Slacking, and fear of moving forward
The past few weeks have not been filled with productivity. As I joked to a friend, if I’d known I was going to be this bad at responding to emails during the holiday I would have put up an “I’ll be back after New Years” auto-responder. Even today – my day for renewed productivity – saw me hit the snooze button from 10AM to 10:45, before finally turning my alarm off entirely and sleeping until almost 2PM. (In my defense, I had a really difficult time getting to sleep last night, but I’m still not proud of my four hour snooze fest.)
I’ve been trying to pin down the source of my laziness. The more I think about it, the more it feels like fear: Fear of failing, fear of being unable to continue this artistic and professional momentum, fear of success, fear of surgery (about which I’ll write more in another post), fear of dating, fear of not dating and being alone (about which I’ll write more in another post), fear, fear, fear. I know enough about myself to have realized that I go through these cycles of productivity and laziness (one could more generously call it productivity and personal renewal) so I’m not too worried. At the same time, I’ve missed some deadlines recently, been slow to respond to emails, generally not acted in the professional manner I’d like to.
I don’t know why those fears keep creeping up. I know from experience that good things happen when I get off my ass and work. I don’t know why I still worry that I’m going to put in all this energy and get nothing in return; it flies in the face of personal experience, especially over the last few years. But putting myself out there remains scary, and I still sometimes feel like I’m faking any success I might have. To use a concrete example, on New Years Eve someone I was chatting with asked me what I do.
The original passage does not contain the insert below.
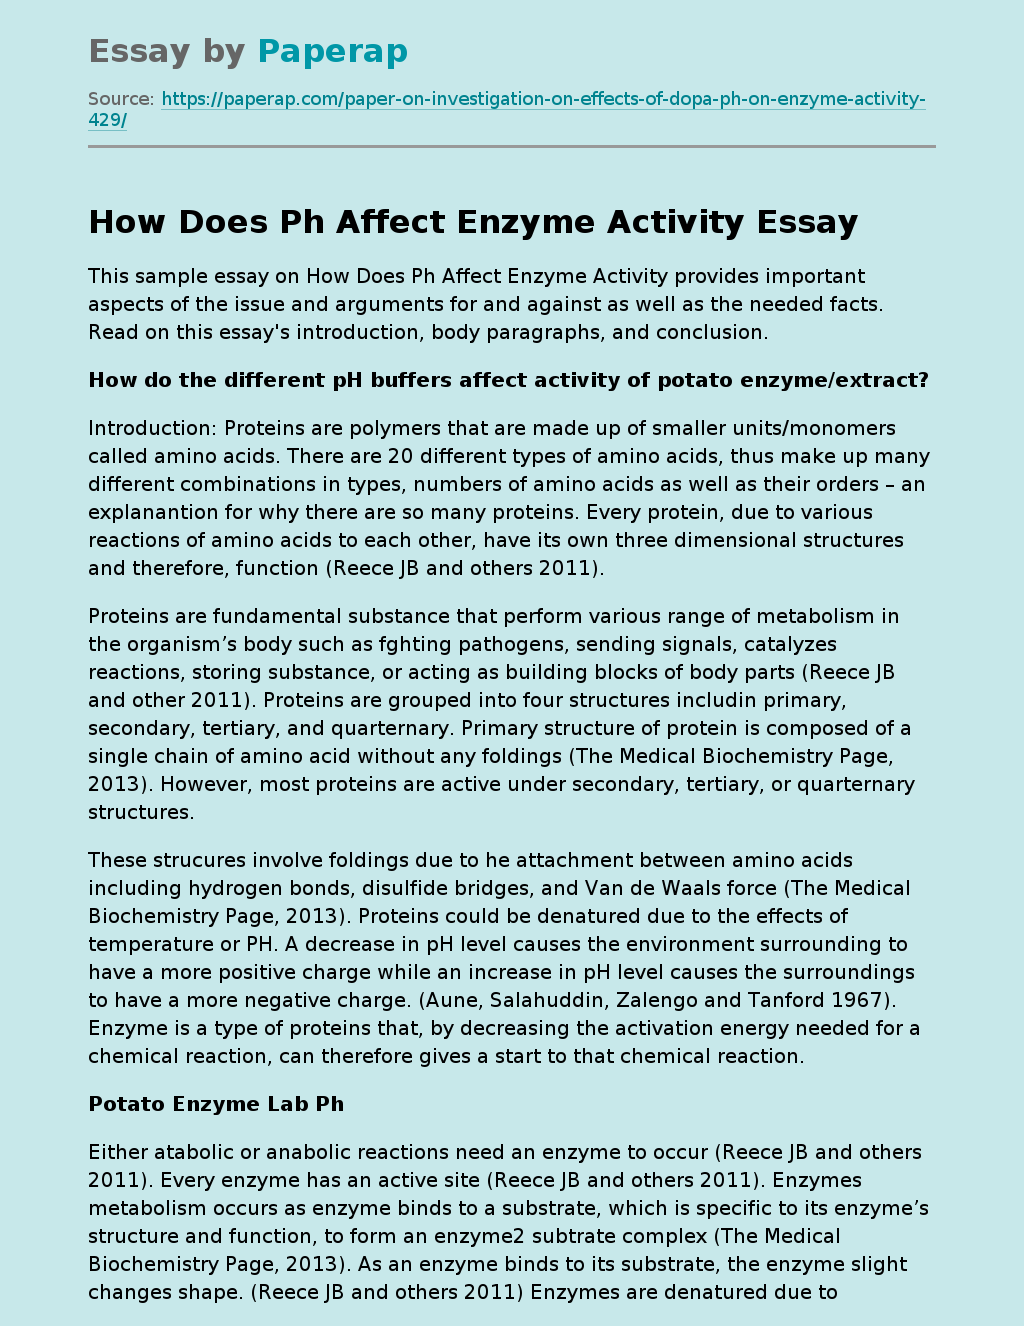 How Does Ph Affect Enzyme Activity

I replied, “I’m an artist and educator – I tour to theater festivals and colleges conducting educational workshops and performing solo pieces focusing on gender and sexuality.” That’s entirely true, but it felt fake and show-off-y when I said it.
Hopefully doing The Work will help lessen my my worries and hangups around it. I am excited about what the future brings, but also scared at its uncertainty. My hope is to enter 2013 thinking more about the former than the latter, and stepping up my artistic and productive game.
Here’s hoping!


there is a TED talk by Elizabeth Gilbert (and I’d post a link but I’m too lazy to look for it) in which she describes her writing process; cutting to the chase, she says she was filled with thoughts of how her book wasn’t good and no one was going to read it, the entire time she was writing it (Eat Pray Love, one of my favorite books, and it’s also a movie which I haven’t seen)–and her point was to just CREATE through all the bullshit. So just ignore it and don’t take it personally; imagine that it’s not even about you, that it’s just some force out there that doesn’t want CREATION to happen. And I was just thinking of you today (I’m pretty sure it was because my daughter said she wished she had a penis and I was like…wait…maybe we can work something out…) –thinking that you have such a great niche, a unique experience that hardly anyone has ever had, and my unasked-for advice is to get personal, even more personal than you think you are getting (because I end up having questions, such as exactly what porn you were looking at in the laser-thing; doesn’t everyone else wonder that?) because within the personal is the Universal, the part that strikes a chord with people due to its honesty and human-ness. And what if you said that sentence a hundred times, till you felt zero fake and show-off-y…? Meanwhile I feel the same way: procrastinating everything possible and no good explanation for why.
I remember hearing that, either through TED or something on NPR, and I liked her take on the creative process. Thanks for the boost!